26-year-old Yahya Abdo and Muhammed Abdo were arrested after the incident for allegedly injuring Yalçın. In his statement, Abdo said, "I suddenly started arguing with Emirhan, whom I had not seen before, in the park. Then we had a fight and I hit Emirhan with the knife I found in the park. Then I panicked and ran away. I am very regretful for committing this crime."
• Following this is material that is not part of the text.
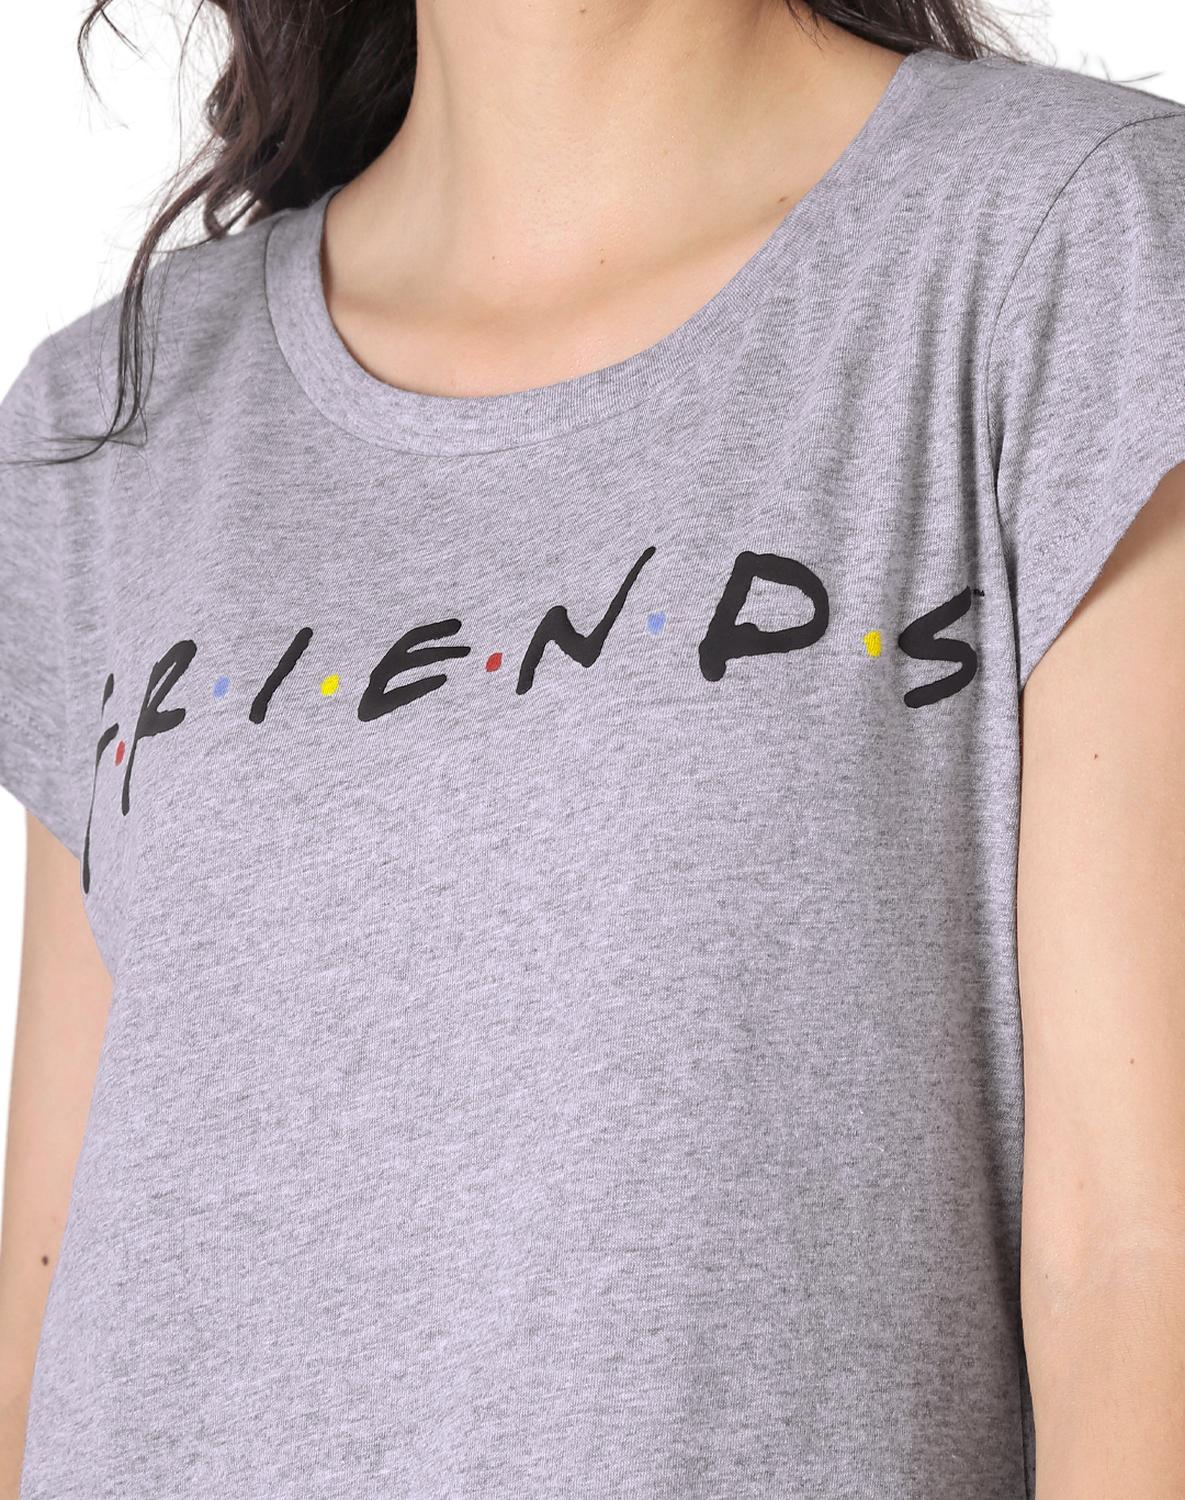 Playera Moda Camiseta Mujer Gris Friends 58204807

After this incident, crowded activist groups organized marches. These groups attacked the houses and shops of Syrians. Riot police were deployed to the tense areas. Other neighborhood residents reportedly tried to protect their shops with tarpaulins with the moon and star drawn on them and the words "T.C. Turkish Shop". A Syrian child was reportedly injured in the head as a result of the attacks. 76 people were detained as a result of the attacks Evrensel and Birgün described these attacks as racist, while Yeşil Gazete described them as a pogrom

Because of this, it was announced that all shops in the neighborhood were closed as a precautionary measure. Nevşin Mengü reported that Syrians were evacuated from the neighborhood. Of the apprehended persons, 64 had records for crimes such as extortion, intentional injury, damage to property, manufacture of narcotics, theft, etc. Administrative action was taken against 29 of them, while judicial proceedings were initiated against 43 of them. Police started to control the entrances and exits of Battalgazi neighborhood. Some activists drew parallels between the incident and the Afrikaanderwijk riots in Rotterdam to create an empathy with Syrians in Turkey.

Following the incident, Altındağ District Governorate made the following statements:"Some of the demonstrations and incidents that took place in our Altındağ district this evening and as a result of the intensive work of our security forces, it has ended as of the moment. Our people are kindly requested not to rely on provocative news and posts."